# Rock*Me*Hard Place



## acmeprinting (Jun 4, 2007)

Ok guys. I need some help on this one. I recently had to move out of the house where I was doing all my screenprinting. I had to move in with some friends until I can buy my house (you know how long that can take). There is not room for my equipment so I had to store it. I have a website that I cannot advertise until I have all my designs printed. I started on the website before I had to move. I'm thinking about ordering plastisol transfers and heat pressing my designs for my clothing brand. Is anyone here (i'm sure there are) ordering transfers for their clothing brand and if so what is it costing? I have roughly 20 designs and it frustrates me that I will have to outsource when i have the equipment but I need to get moving with my business. How are you guys doing it that have your own clothing line but do not have the equipment? I think I feel a little lost since I just can't design a shirt then print it myself like I am used to doing. Any word of wisdom or stories on how you got your brand up and running would be greatly appreciated.


----------



## wormil (Jan 7, 2008)

Many of the transfer vendors have prices available on their website, off the top of my head, Semo Imprints, F&M (transferfreedom.com), Ace Transfer, First Edition all have prices on their website; and there are others whom I'm not remembering at the moment. 

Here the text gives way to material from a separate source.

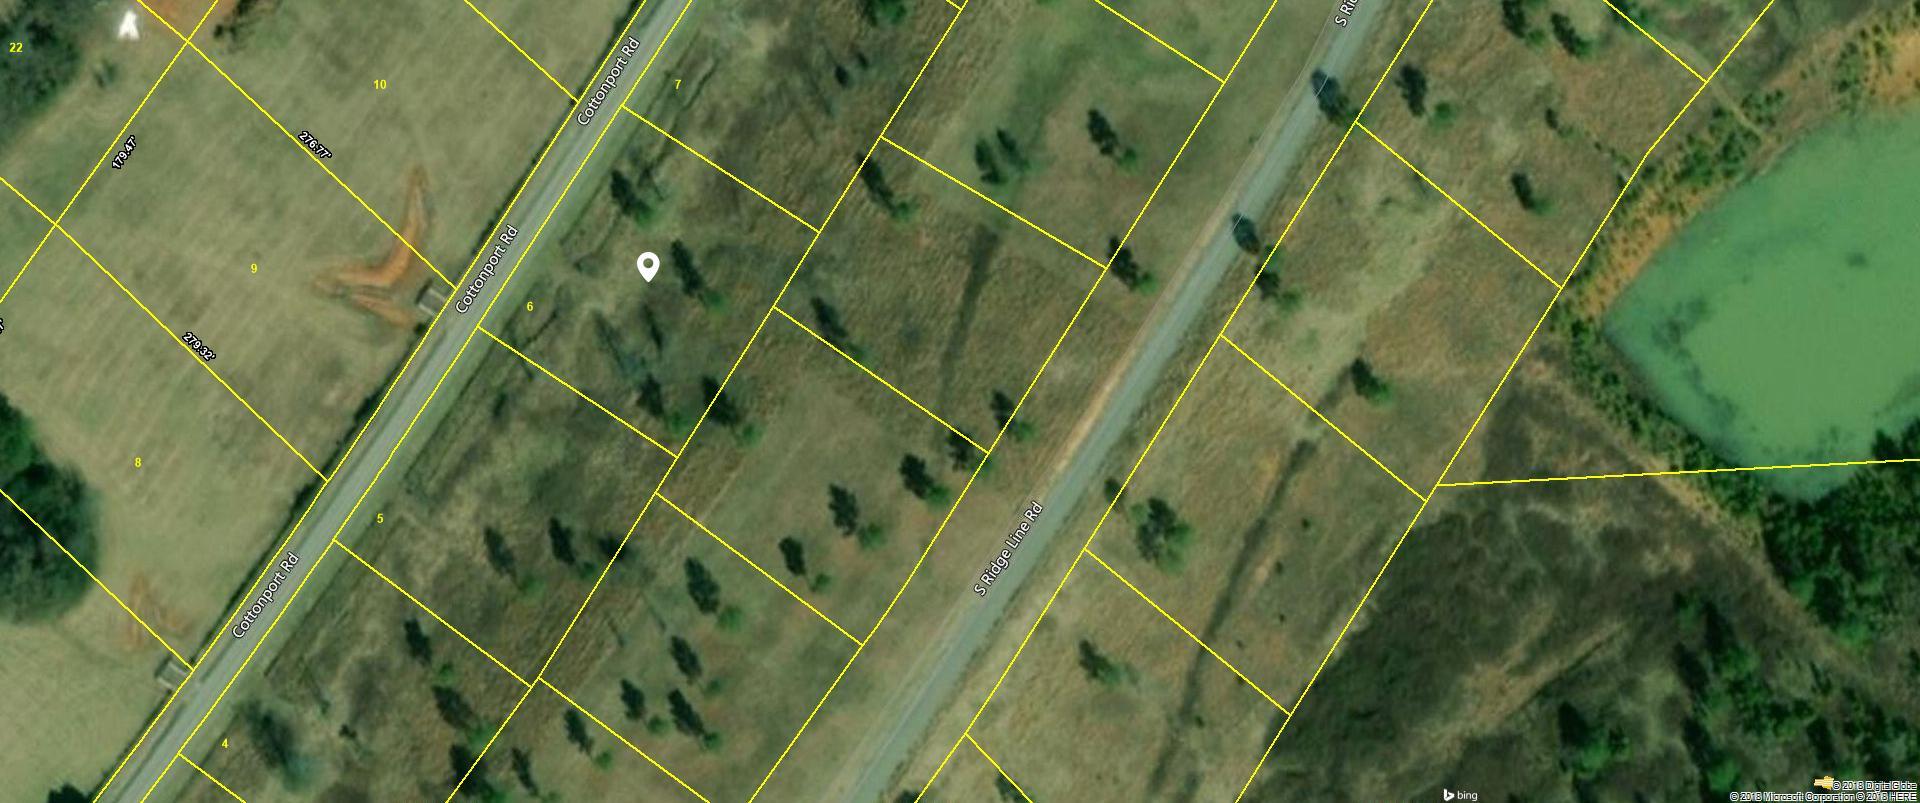 Lot 6 Cottonport Road, Decatur, TN 37322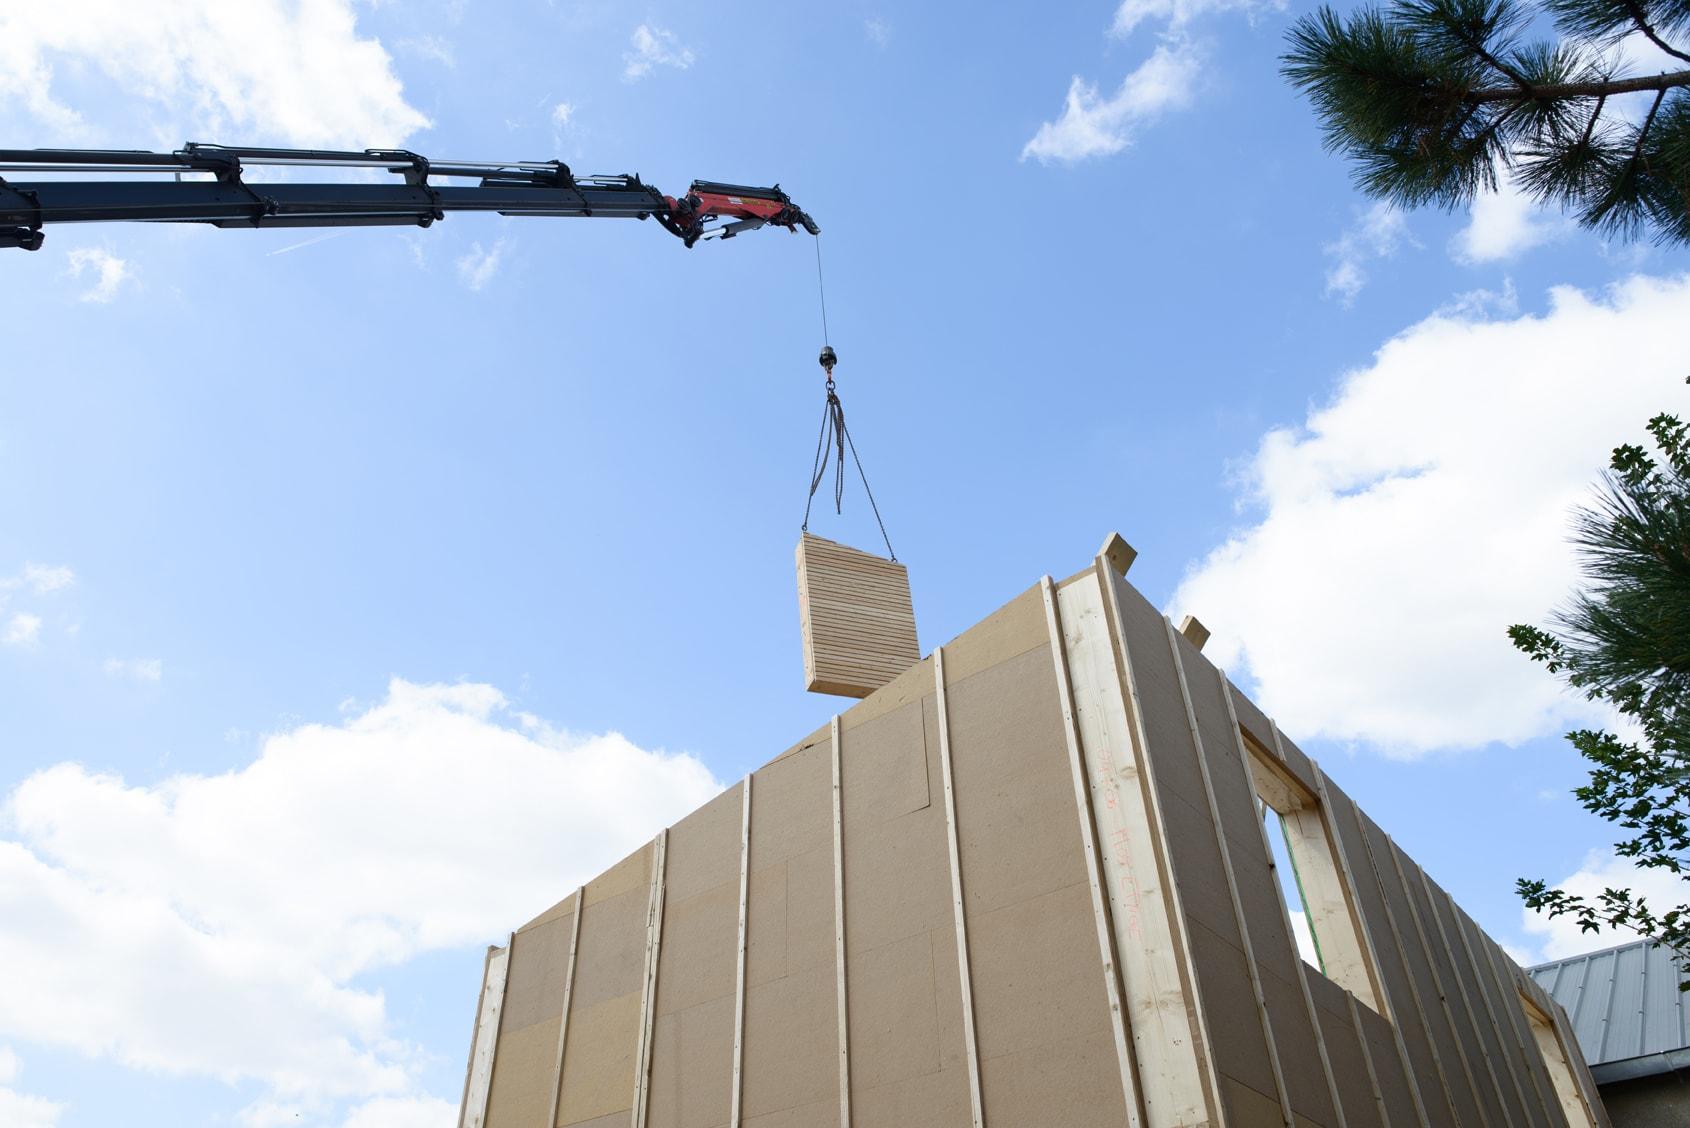 construction hors site Agilcare Maison qui déménage

I have tested samples from most of them and found them all to be excellent quality. If your designs have lots of color then you should look at companies with lots of standard colors to avoid fees for color mixing. Howard Sportswear has the most colors (83) followed by Silver Mountain and Dowling.

Later today I'll try to post a listing of all the major transfer vendors with their website.


----------



## acmeprinting (Jun 4, 2007)

Most of my designs are one color. Thank you so much for the information!!


----------